Ammonia is a critical chemical that sustains the global food chain by feeding approximately 40% of world’s population. Ammonia can also be utilized as a clean fuel or energy carrier to power efficient energy conversion devices. However, ammonia production based on Haber-Bosch process is increasingly challenged by scalability and energy intensity (consuming almost 2% of the world’s energy). Ideally, feasible ammonia synthesis processes enabling intermittent operations at milder conditions and smaller scale, as well as the integration with renewable energy sources, will bring the technological breakthrough in order to better suit current societal needs.

In this talk, theoretical density functional theory (DFT) will be used to evaluate a class of novel alternative materials for N₂ activation, ammonia formation and decomposition. Specifically, our recent work on transition metal or alloy-based nitrides (TMNs) will be discussed to show that the knowledge of molecular mechanism from theory is necessary and can lead to the formulation of guidelines to help identify appropriate materials and their optimizations.
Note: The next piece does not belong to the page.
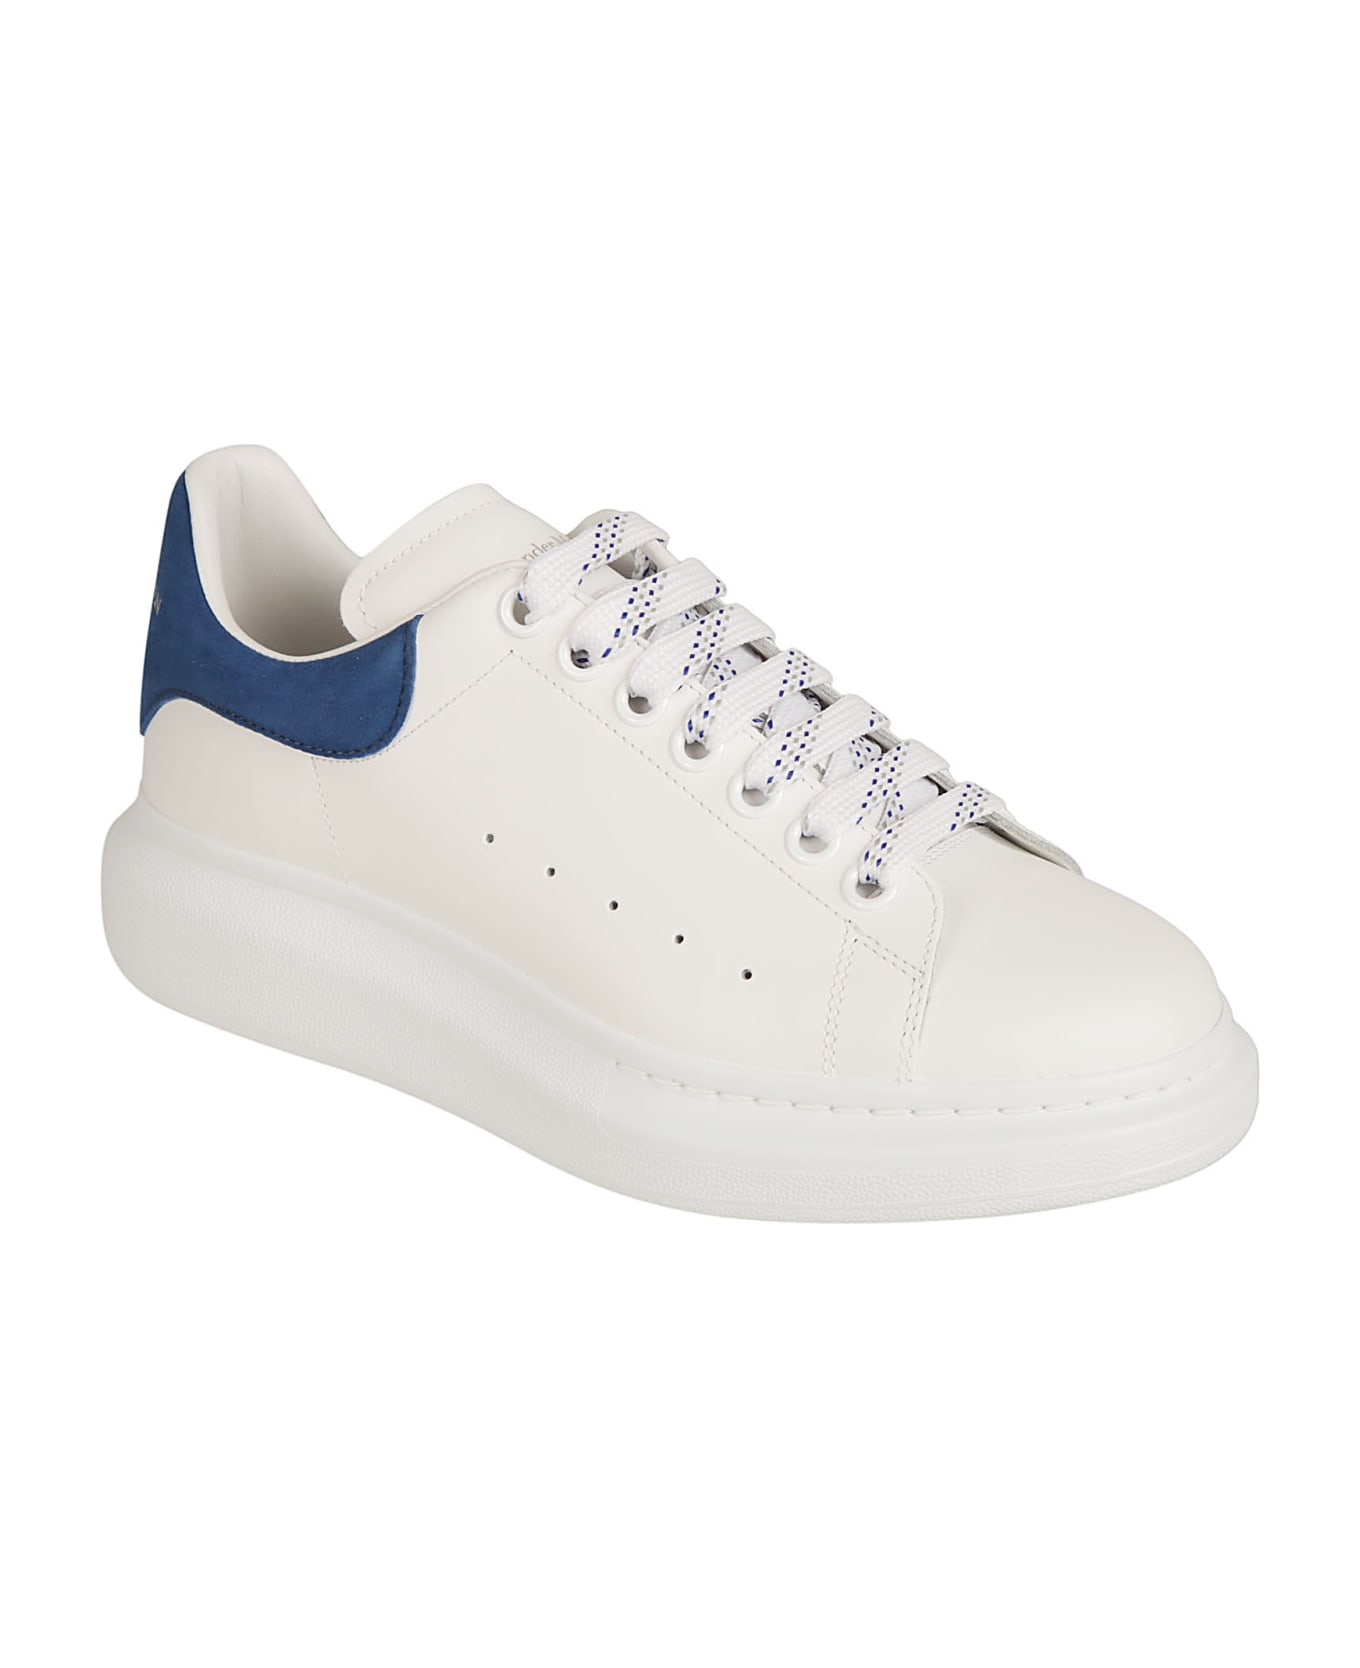 Alexander McQueen Larry Sneakers - White/Paris Blue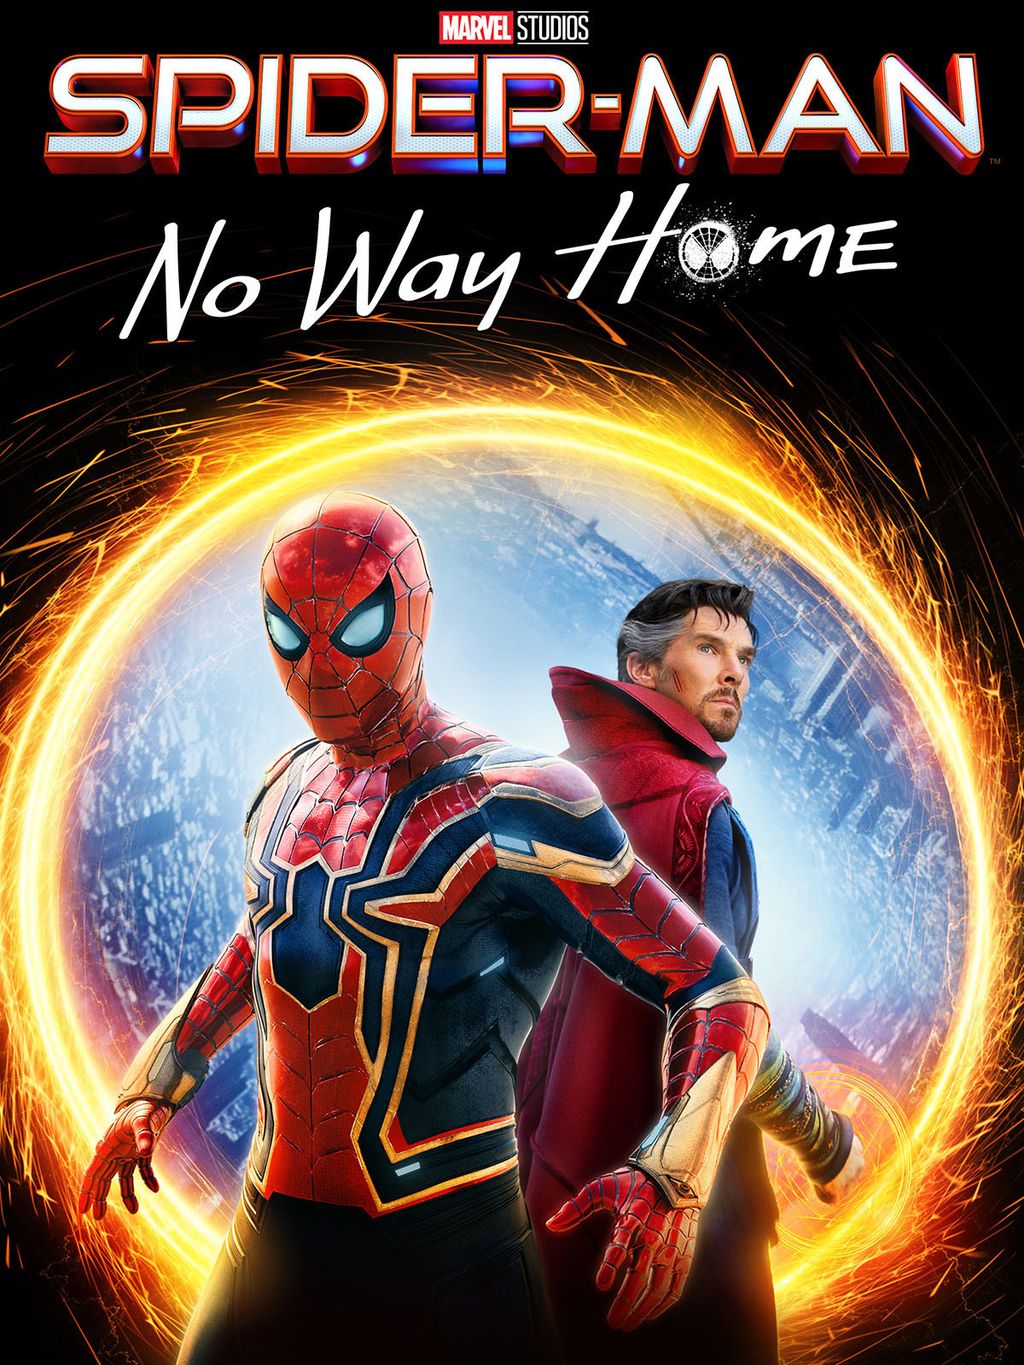 Spider-Man: no way home

TMNs have been successfully demonstrated in stepwise, atmospheric ammonia synthesis in a nitridation cycle. Recent studies have also suggested that TMNs are also promising materials to catalyze N₂, via electroreduction, to ammonia under ambient conditions. By following a Mars-van Krevelan mechanism, we identified that the nitride formation thermodynamics and nitrogen species diffusion kinetics under relevant process condition are both the key and will invoke the consideration of both aspects simultaneously in the nitridation-reduction cycle. To improve the TMN performance, the simple strategy to modify the electronic structures of TMN by alloying with other transition metals, targeting both bond formation and nitrogen transport within TMN, will be presented. Derived from our computational findings, bifunctional materials that are capable of efficient N₂ activation and ammonia synthesis in synergy may hold the ultimate solution. Potential candidate materials that can be deployed for electrochemical or thermal ammonia production will be presented.